Thanks everyone for the thoughtful comments and input on my last post. Even though this entire series has come about through exploring my own family history, this particular print is the most personal and feels scary to blog about.
But I'll press on...
It's impossible to make any accurate comparisons between today's self-identified "gays" and the apparently homosexual people that history has recorded over the millenia, simply because the notion of "gay" or "homosexual" as we know it now didn't really exist. Yet we know that from Egypt to the Roman Empire to native America, men have loved men and women loved women as far back as historians can document. I think this fact makes it clear that, far from being "unnatural," homosexuality is a naturally-occurring human trait. Whether or not it's desirable is another matter and that is culturally defined. Many cultures, but not all, have defined homosexuality as undesirable.
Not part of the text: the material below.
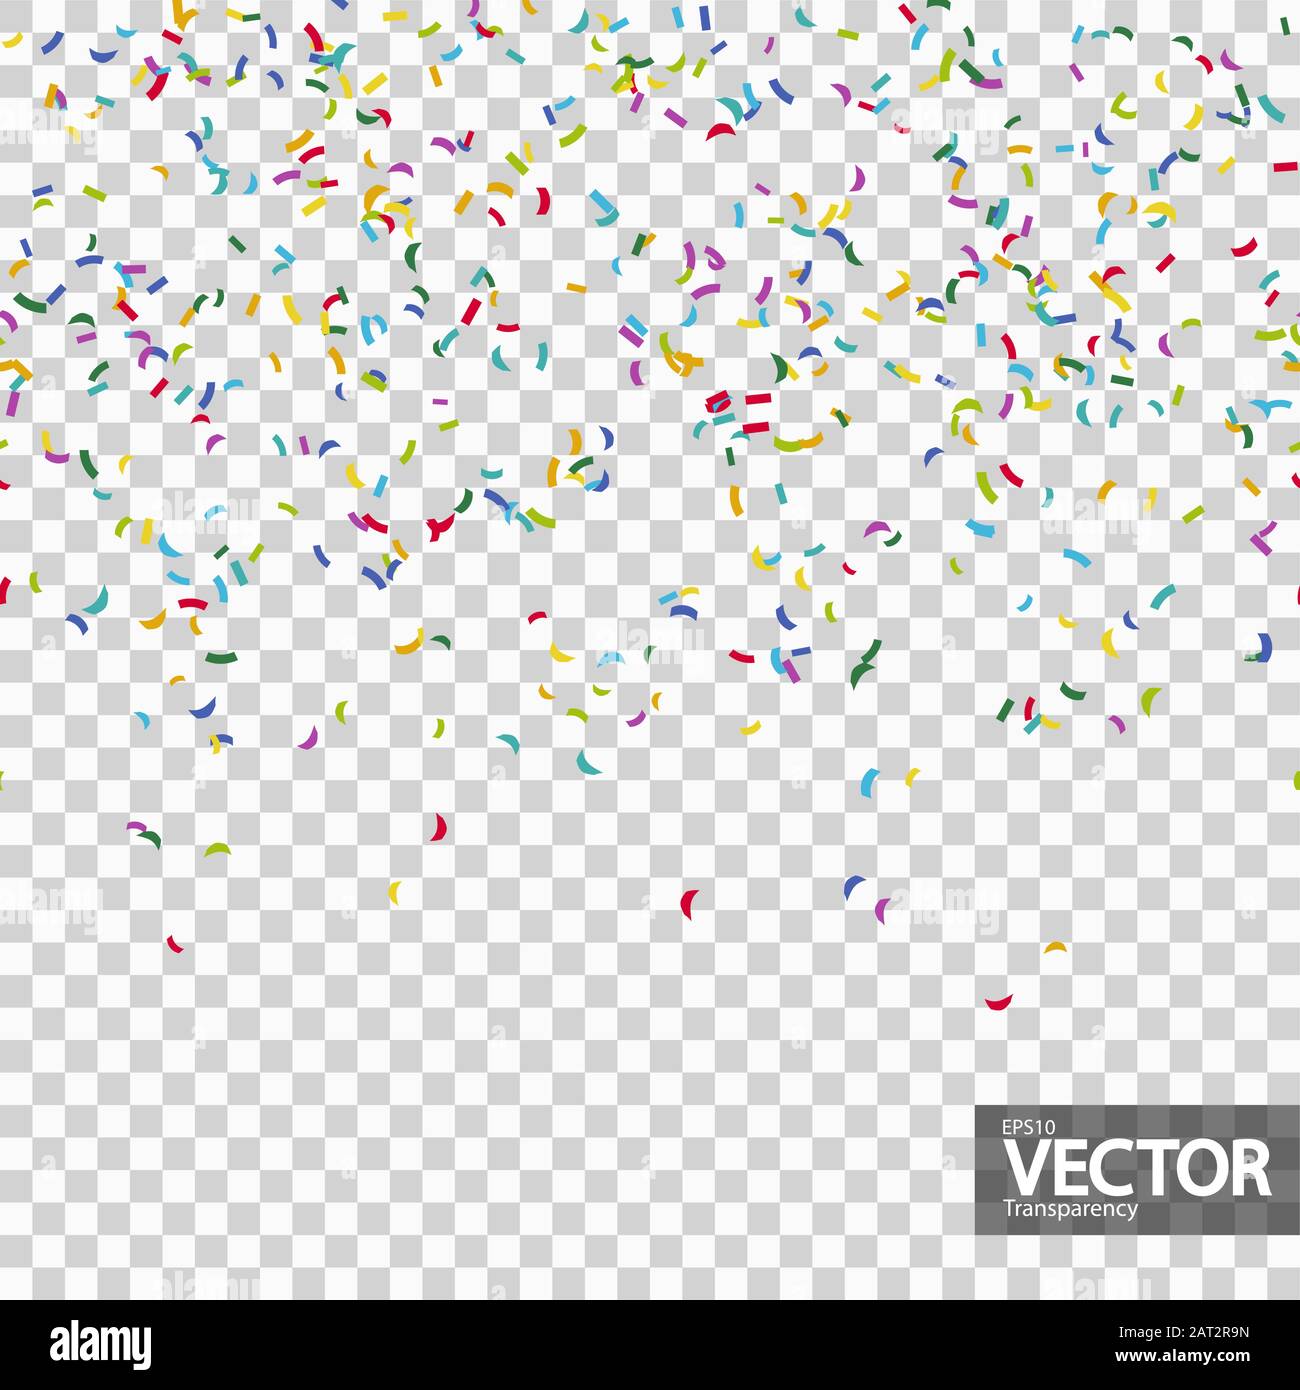 arrière-plan transparent avec différents confettis de couleur pour la fête avec transparence dans le fichier vectoriel Illustration de Vecteur

In 1636 when John Alexander and Thomas Roberts appeared before the Puritan New England court, homosexual acts were called sodomy and were punishable by death. It's interesting to note, however, that the court record does not use the word sodomy in regard to these two. In their book "The Times of Their Lives," James and Patrica Deetz note that the governing officials of Plymouth rarely implemented the death penalty, which the authors attribute to their fear of overstepping their authority with England given that they had no charter.
John Alexander's punishment -- being whipped, branded with a hot iron and banished -- was severe enough. Branding was a fairly common punishment used for thieves (branded with a "T"), killers ("M" for manslaughter), and rogues ("R" for, well... rogue). I've sketched out a branding iron with an "S" for "Sodomite."
Thomas Roberts received the lighter sentence of being whipped and returned to his "master." This indicates that Roberts was an indentured servant, under contract to an employer for a fixed period of time in exchange for transportation, food, lodging etc. Since Roberts "belonged" to someone, the court was probably unwilling to interfere with his master's property rights.
Sodomy was illegal in most U.S. states until the 1960s when some states began to decriminalize it. Yet it was only 7 years ago that a Supreme Court ruling called Lawrence v. Texas struck down sodomy laws nationwide, ruling that private sexual conduct is protected by the liberty rights implicit in the due process clause of the United States Constitution.
The 2003 Lawrence v. Texas decision is what prompted Lynn and me to get engaged 12 years into our relationship. She got me a ring with a tiny diamond. We wanted to declare our intention to be married.
I didn't think it would happen in our lifetime.